# Other ways of spelling Lyla



## Beautywithin

I personally like the spelling of this name, but a lot have told me, that people will end up spelling it wrong,

what spelling of the name Lyla would you use?


----------



## loulou58

My friends name is Leila but thats a slightly different pronunciation of it too as lay-la and opposed to ly-la


----------



## xXroseXx

I can't see how people will spell Lyla wrong? 
I like that name and thats the way I'd spell it. :shrug:
The only other way of spelling it i could think of is Lila or Liela?


----------



## Pingu

How about Lylah?


----------



## Diana

I too don't see how they would spell it wrong, but with a different pronunciation I like Leila. :D


----------



## Stiina

Lilah, possibly. That's probably how I'd spell it.

Leila is totally different, but I love it! I don't know of it's original descent, but I know a lot of Finns named Leila and I think it's a beautiful name.


----------



## amyclaire

lila? but that kinda looks a bit like lilo?!xxx


----------



## embo216

Melbo has a daughter called Lylah. xx


----------



## tasha41

I like Lila best.. spell it the way you want hun. No matter what name you pick, someone will spell it wrong- with Elyse I get Elise, Alice, Alyse... with Natasha (my own name lol) I get lots of Natashia and from my eastern European friends I get things like Natasja and stuff? I wish my name was spelled Natasja, it's way more interesting! lol


----------



## sam's mum

I love it too... I went to school with a girl called Lillah, and Lylah was on my list of girls names for Sam before we found out he was a boy x


----------



## sarah1989

Lielah or Lylah


----------



## faille

On my list of names whilst preg I had it spelt Lila, Lilah, Lyla and Lylah


----------



## mummy to be

How are you going to pronounce it???

My daughter is Layla... i know people have the same name pronounced the same and spelt differently.... Laylah, laila, laylia, lailah all different ways.. 

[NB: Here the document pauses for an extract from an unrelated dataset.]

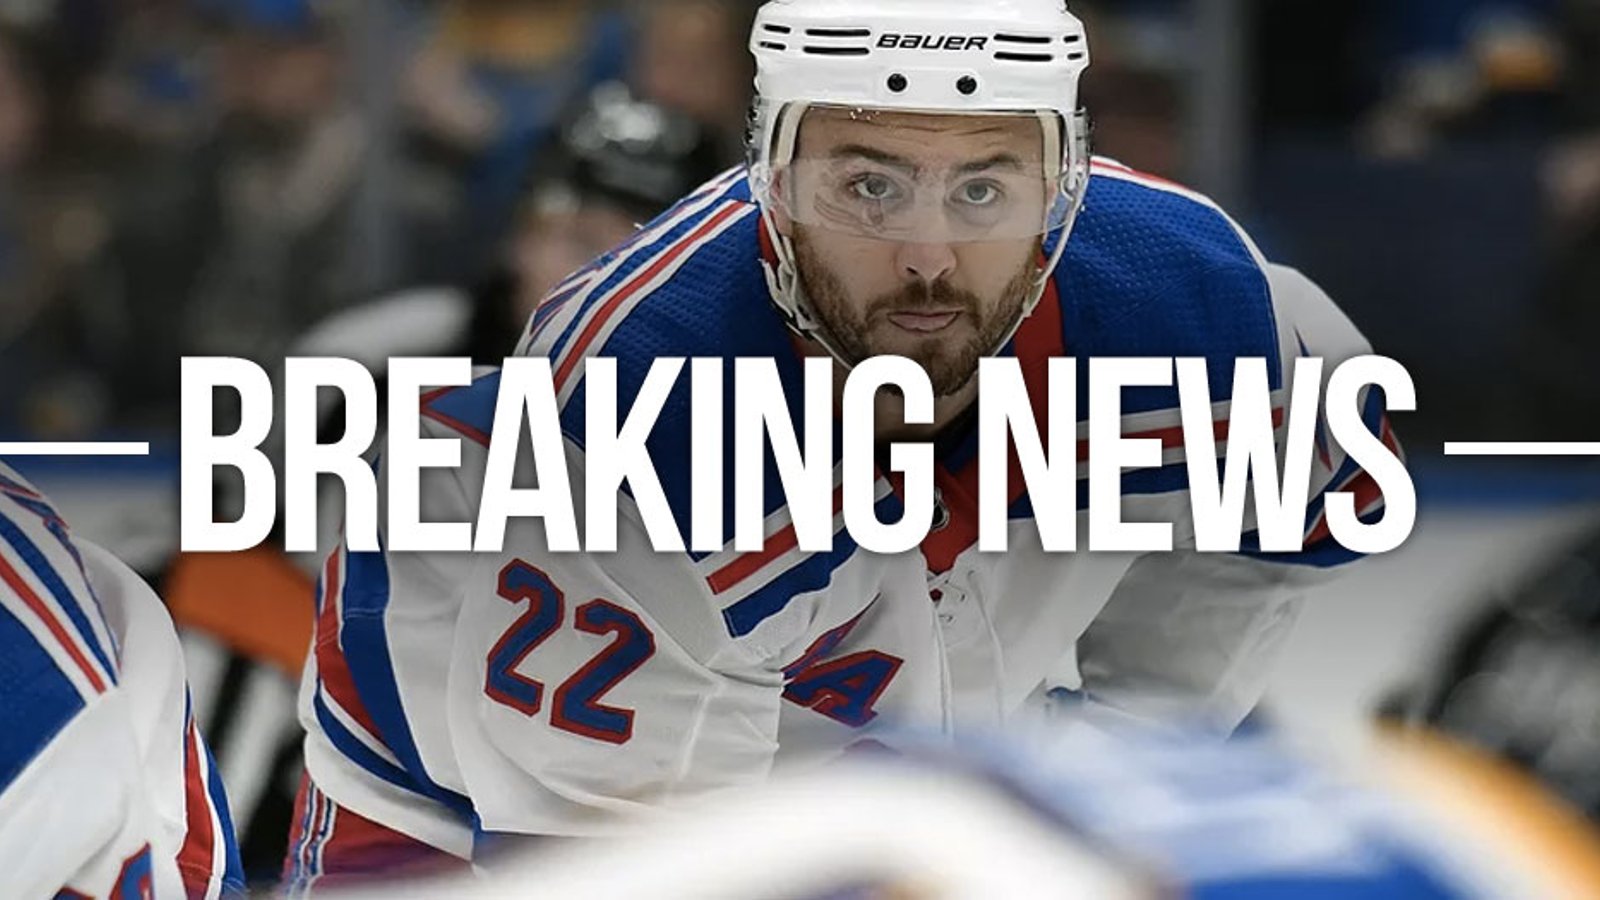 Shattenkirk already gets a new contract in the NHL!

it is up to you how you want to spell it... What middle name are you picking?


----------



## mrscookie

My daughter is Lylah

But you can spell it- Lyla, lila, lilah, or however you want

Ps- everyone gets it wrong! They always call Lylah- LAYLA. I get it at least 3 times a week. lol


----------



## Szaffi

In my home country, they spell it Lilla. (pronounced lee-lla)


----------



## sam*~*louize

I never realised how many ways there were to spell Layla - until you see people write it, and your like damn! Your going to get it with any name really, don't worry. Ive seen my name spelt samanther! (samantha) lol


----------



## Beautywithin

melbo said:


> My daughter is Lylah
> 
> But you can spell it- Lyla, lila, lilah, or however you want
> 
> Ps- everyone gets it wrong! They always call Lylah- LAYLA. I get it at least 3 times a week. lol

Thanks...

its the same with my daughter. her name is paris. and people seem to spell it most times parris? 

we have decided to spell it Lyla if it is a girl.. and louise for her middle name! xx


----------



## DragonMummy

I love the names Layla and Lyla but our family dog was called Layla and we used to caller her Lyla so theyre all out for us!!! She was a beautiful dog though - the pretty name suited her!!!


----------



## mrscookie

lyla louise is lovely
xx


----------



## Shelby2007

my name is SARA.. and everyone spells it SARAH.. but i like lyla.. or someone said lilah.. anyway you spell it SOMEONE is bound to get it wrong.. lol.. :)


----------



## mrskx0x0

Yeah Lilah like in sweet valley high, or did no one else read that :shy: Loved those books.


----------